Everything from the line containing "Pilule rouge et" through the last line of the data below should be given again exactly, both end lines included and nothing more.

*** ENTRIES SUPPLIED ***

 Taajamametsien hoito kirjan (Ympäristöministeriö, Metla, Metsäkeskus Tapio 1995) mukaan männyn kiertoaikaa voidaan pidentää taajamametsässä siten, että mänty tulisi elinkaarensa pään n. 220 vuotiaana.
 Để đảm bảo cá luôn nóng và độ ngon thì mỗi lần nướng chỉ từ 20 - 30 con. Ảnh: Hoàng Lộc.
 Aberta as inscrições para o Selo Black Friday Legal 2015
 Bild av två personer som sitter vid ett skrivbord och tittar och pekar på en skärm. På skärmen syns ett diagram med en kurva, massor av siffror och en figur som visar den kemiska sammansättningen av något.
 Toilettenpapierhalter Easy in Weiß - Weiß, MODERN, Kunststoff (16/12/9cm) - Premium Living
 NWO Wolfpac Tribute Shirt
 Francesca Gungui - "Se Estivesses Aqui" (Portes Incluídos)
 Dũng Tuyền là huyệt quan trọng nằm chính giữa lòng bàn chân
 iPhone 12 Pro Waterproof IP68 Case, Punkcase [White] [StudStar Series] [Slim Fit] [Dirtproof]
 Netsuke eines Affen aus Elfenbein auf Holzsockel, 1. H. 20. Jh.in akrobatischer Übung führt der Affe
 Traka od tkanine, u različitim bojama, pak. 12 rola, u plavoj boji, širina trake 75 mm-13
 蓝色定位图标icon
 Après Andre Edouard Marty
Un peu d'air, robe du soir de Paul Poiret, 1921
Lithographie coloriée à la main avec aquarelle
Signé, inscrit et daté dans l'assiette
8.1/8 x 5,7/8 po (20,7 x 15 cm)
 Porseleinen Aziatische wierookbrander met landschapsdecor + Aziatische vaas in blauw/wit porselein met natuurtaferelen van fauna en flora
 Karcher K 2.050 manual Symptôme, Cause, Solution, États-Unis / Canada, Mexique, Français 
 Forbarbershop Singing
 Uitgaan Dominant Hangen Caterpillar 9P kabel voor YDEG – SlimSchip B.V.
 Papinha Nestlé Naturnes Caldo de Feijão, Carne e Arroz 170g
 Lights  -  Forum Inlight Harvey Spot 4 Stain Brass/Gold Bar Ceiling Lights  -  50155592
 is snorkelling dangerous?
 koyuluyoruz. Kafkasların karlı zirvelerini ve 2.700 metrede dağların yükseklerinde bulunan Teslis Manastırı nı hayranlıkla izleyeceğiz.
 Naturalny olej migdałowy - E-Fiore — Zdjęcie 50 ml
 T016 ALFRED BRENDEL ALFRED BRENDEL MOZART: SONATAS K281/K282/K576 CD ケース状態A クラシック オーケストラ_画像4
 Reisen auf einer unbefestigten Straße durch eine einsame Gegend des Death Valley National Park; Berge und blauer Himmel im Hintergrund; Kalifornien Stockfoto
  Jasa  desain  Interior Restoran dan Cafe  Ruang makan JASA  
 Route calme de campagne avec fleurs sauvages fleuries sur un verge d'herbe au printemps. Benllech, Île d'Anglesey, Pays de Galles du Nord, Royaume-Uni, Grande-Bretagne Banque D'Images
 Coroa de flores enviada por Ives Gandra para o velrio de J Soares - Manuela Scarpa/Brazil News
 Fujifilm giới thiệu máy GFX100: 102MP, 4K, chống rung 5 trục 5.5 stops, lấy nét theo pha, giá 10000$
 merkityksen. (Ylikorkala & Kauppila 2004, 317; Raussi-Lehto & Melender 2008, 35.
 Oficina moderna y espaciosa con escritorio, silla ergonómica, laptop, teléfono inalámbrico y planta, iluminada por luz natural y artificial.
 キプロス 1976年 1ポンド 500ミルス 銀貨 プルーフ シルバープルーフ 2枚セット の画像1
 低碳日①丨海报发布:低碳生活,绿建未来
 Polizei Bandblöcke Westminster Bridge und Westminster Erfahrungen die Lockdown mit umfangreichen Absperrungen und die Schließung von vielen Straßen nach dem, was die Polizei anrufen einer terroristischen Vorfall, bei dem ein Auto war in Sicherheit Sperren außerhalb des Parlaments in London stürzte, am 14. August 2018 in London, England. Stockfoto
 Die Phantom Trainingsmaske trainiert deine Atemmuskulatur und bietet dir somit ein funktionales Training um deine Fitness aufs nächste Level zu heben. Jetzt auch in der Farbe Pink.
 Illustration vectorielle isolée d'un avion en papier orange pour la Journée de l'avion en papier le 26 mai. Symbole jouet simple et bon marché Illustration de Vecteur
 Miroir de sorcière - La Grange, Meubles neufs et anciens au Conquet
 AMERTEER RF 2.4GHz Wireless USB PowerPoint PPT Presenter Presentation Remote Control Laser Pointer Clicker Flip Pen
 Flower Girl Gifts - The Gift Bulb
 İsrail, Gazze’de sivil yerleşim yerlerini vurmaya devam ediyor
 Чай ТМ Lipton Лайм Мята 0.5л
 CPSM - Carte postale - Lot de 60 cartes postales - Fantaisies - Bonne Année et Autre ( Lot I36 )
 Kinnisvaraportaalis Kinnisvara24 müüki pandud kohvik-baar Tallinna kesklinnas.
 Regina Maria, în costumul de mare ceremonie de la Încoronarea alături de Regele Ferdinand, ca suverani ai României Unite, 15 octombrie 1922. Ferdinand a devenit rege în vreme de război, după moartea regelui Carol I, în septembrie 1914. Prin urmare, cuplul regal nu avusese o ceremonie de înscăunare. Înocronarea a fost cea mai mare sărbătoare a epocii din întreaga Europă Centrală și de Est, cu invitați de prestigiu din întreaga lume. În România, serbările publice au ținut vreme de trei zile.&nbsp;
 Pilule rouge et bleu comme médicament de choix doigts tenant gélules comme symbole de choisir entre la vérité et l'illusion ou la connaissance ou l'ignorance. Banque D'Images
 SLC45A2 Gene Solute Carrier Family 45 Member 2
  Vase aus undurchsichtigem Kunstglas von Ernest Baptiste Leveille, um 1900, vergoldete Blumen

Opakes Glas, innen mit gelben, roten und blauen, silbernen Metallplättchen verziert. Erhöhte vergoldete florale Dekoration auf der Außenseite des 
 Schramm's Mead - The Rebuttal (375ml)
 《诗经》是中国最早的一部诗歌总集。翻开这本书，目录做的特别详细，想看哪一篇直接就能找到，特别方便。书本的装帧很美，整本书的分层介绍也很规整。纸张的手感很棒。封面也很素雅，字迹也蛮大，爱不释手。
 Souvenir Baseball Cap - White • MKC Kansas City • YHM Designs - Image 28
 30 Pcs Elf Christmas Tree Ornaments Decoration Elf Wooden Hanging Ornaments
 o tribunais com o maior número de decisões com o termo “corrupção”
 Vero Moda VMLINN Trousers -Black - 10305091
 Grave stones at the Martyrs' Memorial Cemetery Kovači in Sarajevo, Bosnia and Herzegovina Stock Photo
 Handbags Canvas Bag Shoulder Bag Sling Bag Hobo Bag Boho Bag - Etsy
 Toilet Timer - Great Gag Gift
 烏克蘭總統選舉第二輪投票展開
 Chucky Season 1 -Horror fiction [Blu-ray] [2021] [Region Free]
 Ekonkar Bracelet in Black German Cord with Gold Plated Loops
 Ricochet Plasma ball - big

***

→ WRITTEN ANSWER:
 Pilule rouge et bleu comme médicament de choix doigts tenant gélules comme symbole de choisir entre la vérité et l'illusion ou la connaissance ou l'ignorance. Banque D'Images
 SLC45A2 Gene Solute Carrier Family 45 Member 2
  Vase aus undurchsichtigem Kunstglas von Ernest Baptiste Leveille, um 1900, vergoldete Blumen

Opakes Glas, innen mit gelben, roten und blauen, silbernen Metallplättchen verziert. Erhöhte vergoldete florale Dekoration auf der Außenseite des 
 Schramm's Mead - The Rebuttal (375ml)
 《诗经》是中国最早的一部诗歌总集。翻开这本书，目录做的特别详细，想看哪一篇直接就能找到，特别方便。书本的装帧很美，整本书的分层介绍也很规整。纸张的手感很棒。封面也很素雅，字迹也蛮大，爱不释手。
 Souvenir Baseball Cap - White • MKC Kansas City • YHM Designs - Image 28
 30 Pcs Elf Christmas Tree Ornaments Decoration Elf Wooden Hanging Ornaments
 o tribunais com o maior número de decisões com o termo “corrupção”
 Vero Moda VMLINN Trousers -Black - 10305091
 Grave stones at the Martyrs' Memorial Cemetery Kovači in Sarajevo, Bosnia and Herzegovina Stock Photo
 Handbags Canvas Bag Shoulder Bag Sling Bag Hobo Bag Boho Bag - Etsy
 Toilet Timer - Great Gag Gift
 烏克蘭總統選舉第二輪投票展開
 Chucky Season 1 -Horror fiction [Blu-ray] [2021] [Region Free]
 Ekonkar Bracelet in Black German Cord with Gold Plated Loops
 Ricochet Plasma ball - big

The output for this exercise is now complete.